» **What the task requires**
Copy nothing but the lines running from the one containing "Включи папа прятки." through the end of the listing below. Drop the pictures.

» **The data**
=== Begin Enclosure ===

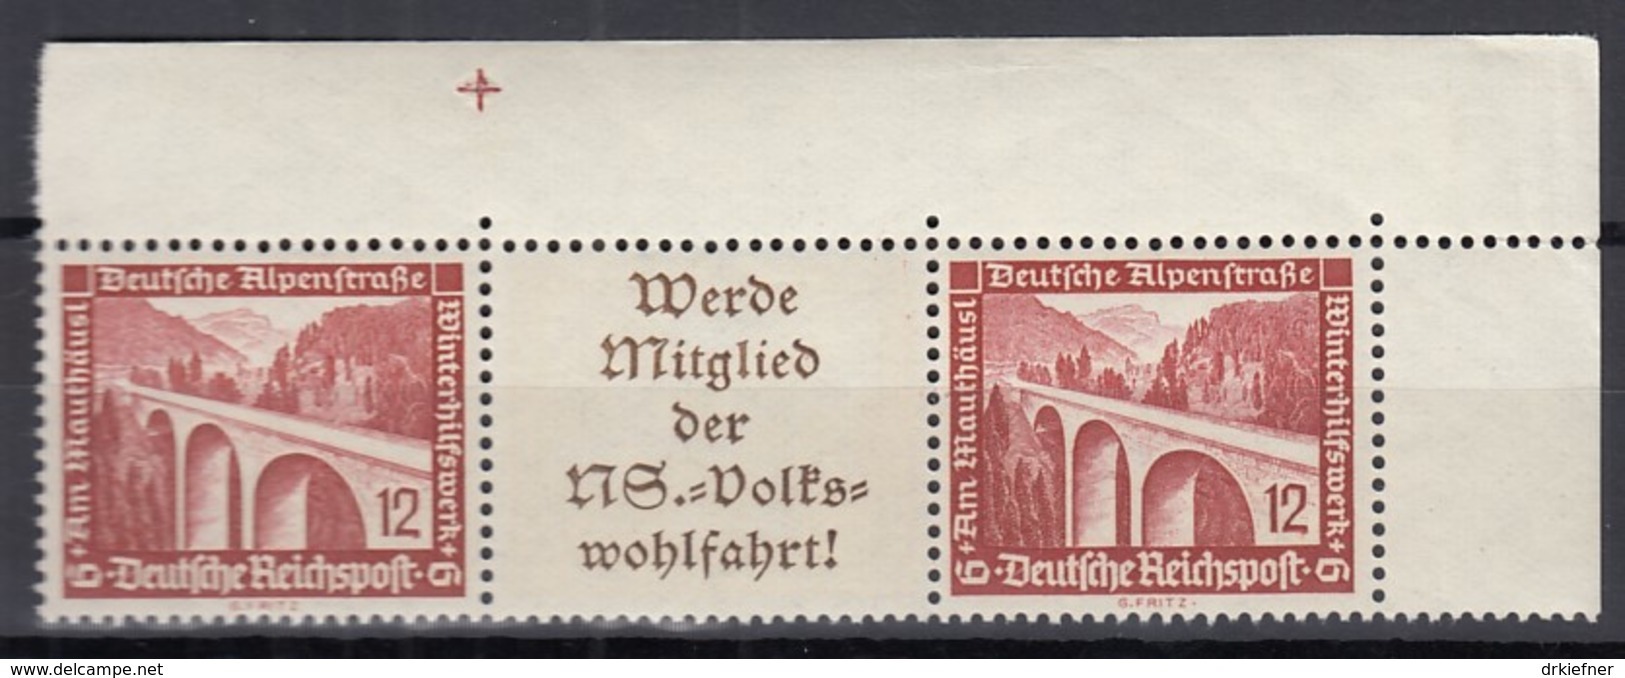 DR W 114, Postfrisch**, Eckrand Mit Passertkreuz, WHW: Moderne Bauten 1936 - Se-Tenant
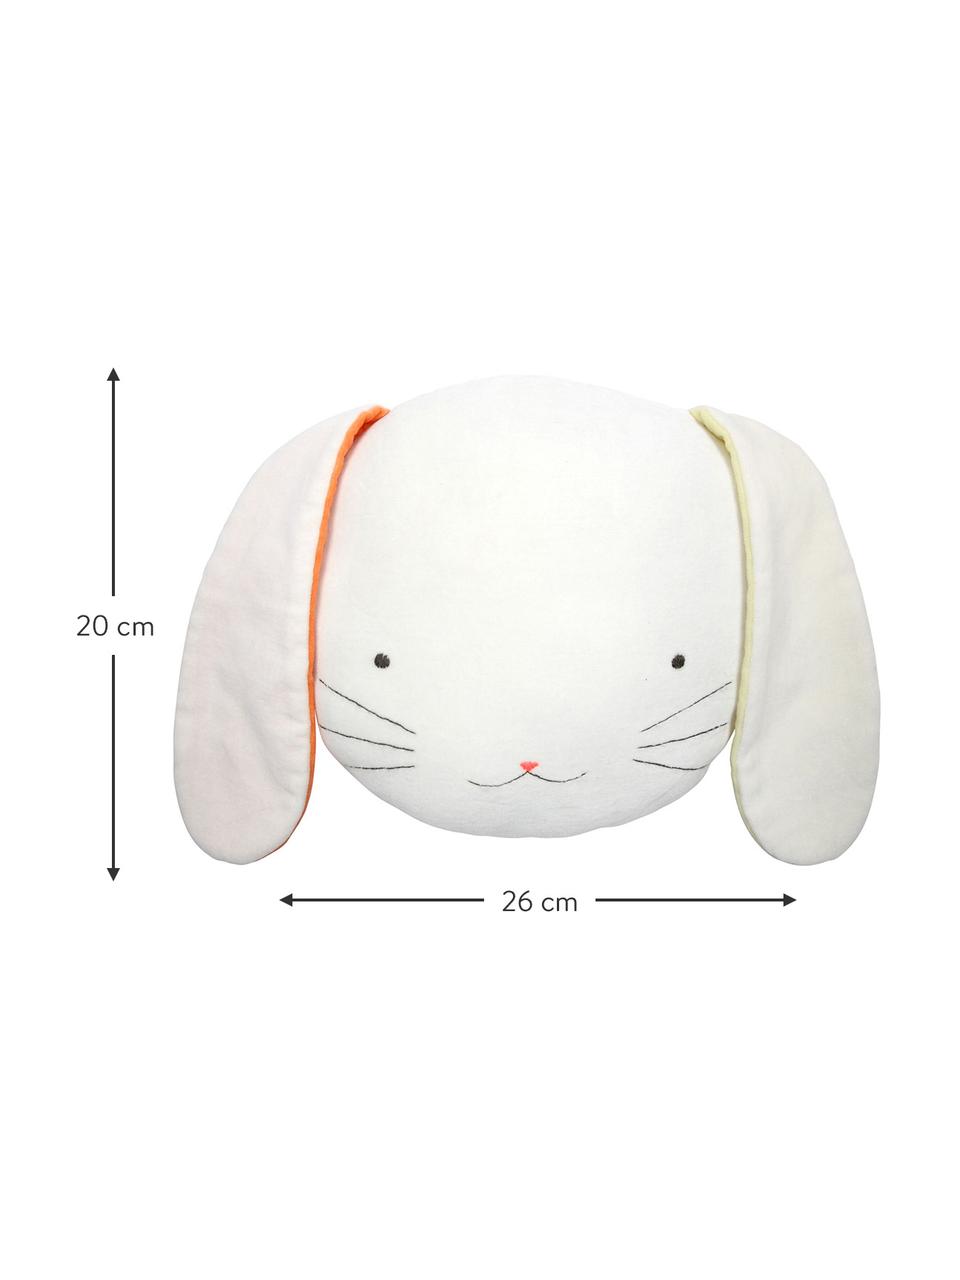 Kuschelkissen Bunny, Bezug: Baumwollsamt, Weiss, Gelb, Orange, Schwarz, 26 x 20 cm
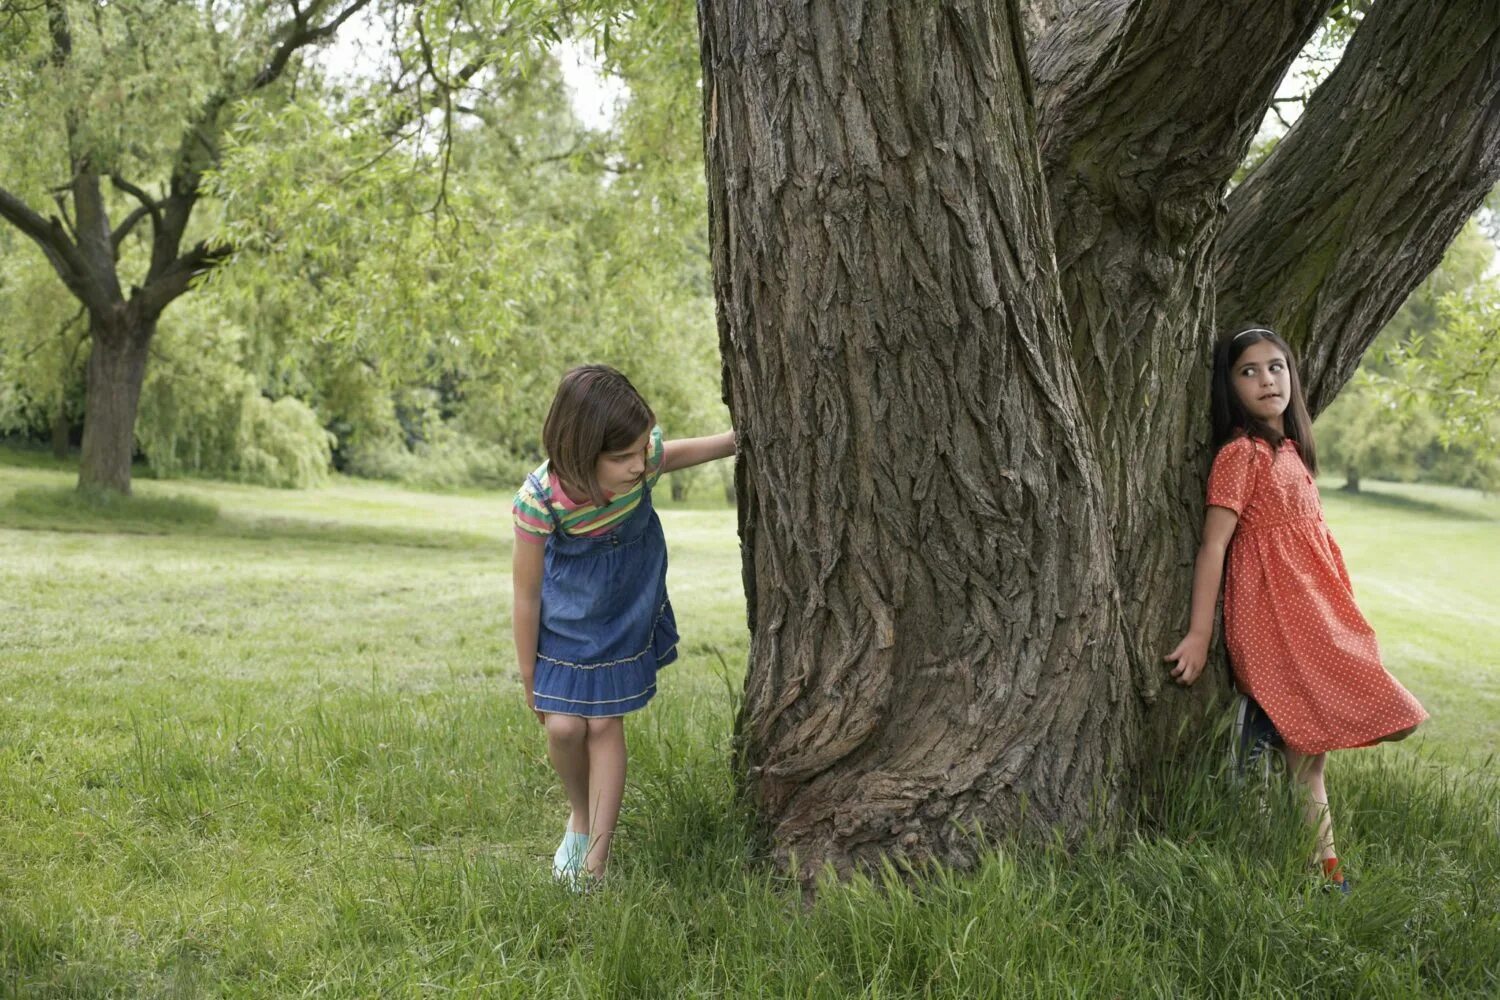 Включи папа прятки. Девочка за деревом. Девочка прячется за деревом. Человек прячется за деревом. "ПРЯТКИ".
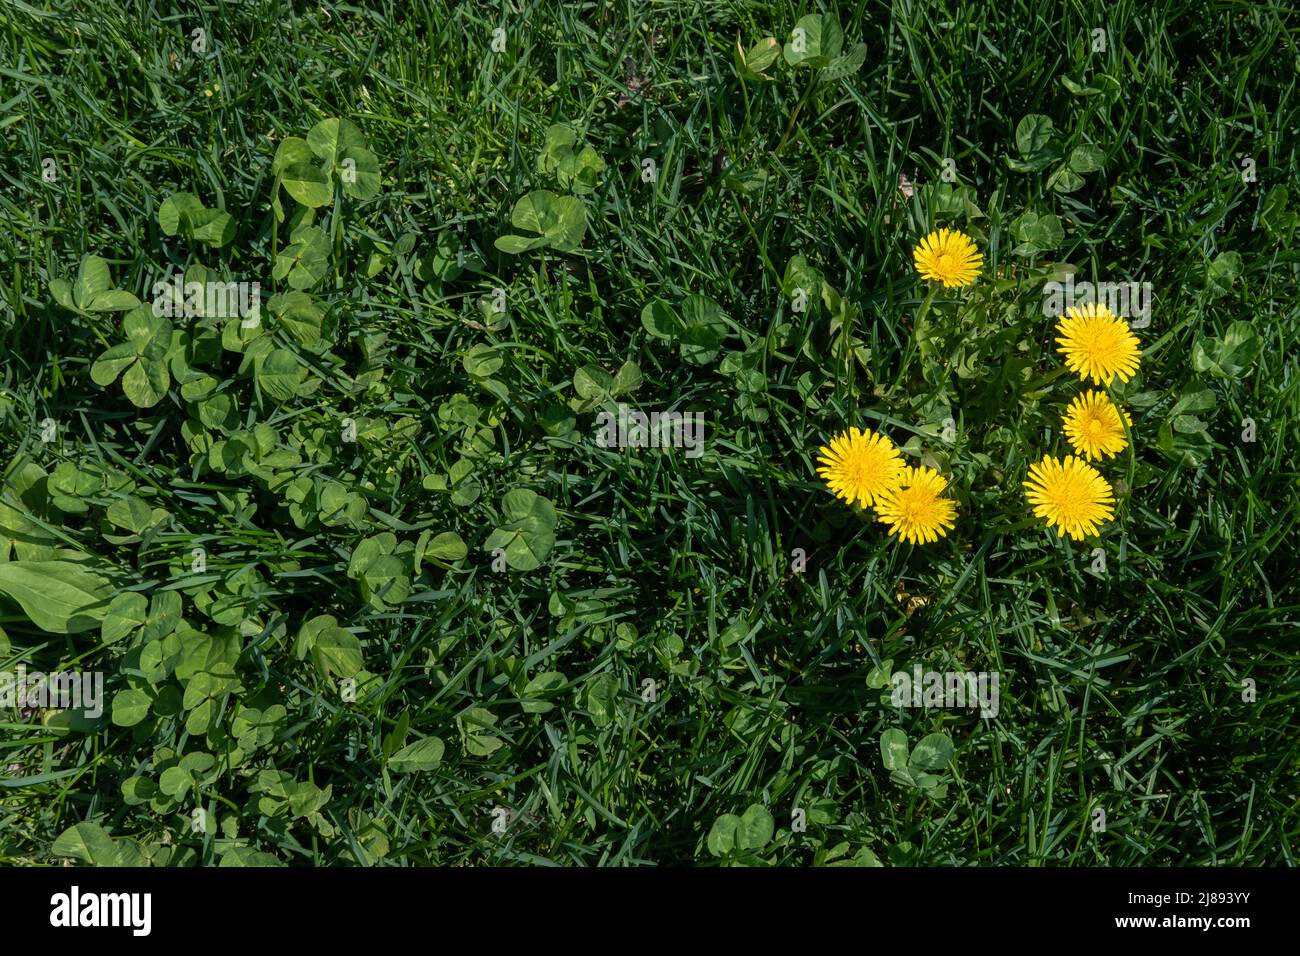 Foto von Elandelionpflanzen und Kleeblatt im Grasrasen Stockfoto

=== End Enclosure ===

» **Result of the exercise**
 Включи папа прятки. Девочка за деревом. Девочка прячется за деревом. Человек прячется за деревом. "ПРЯТКИ".
 Foto von Elandelionpflanzen und Kleeblatt im Grasrasen Stockfoto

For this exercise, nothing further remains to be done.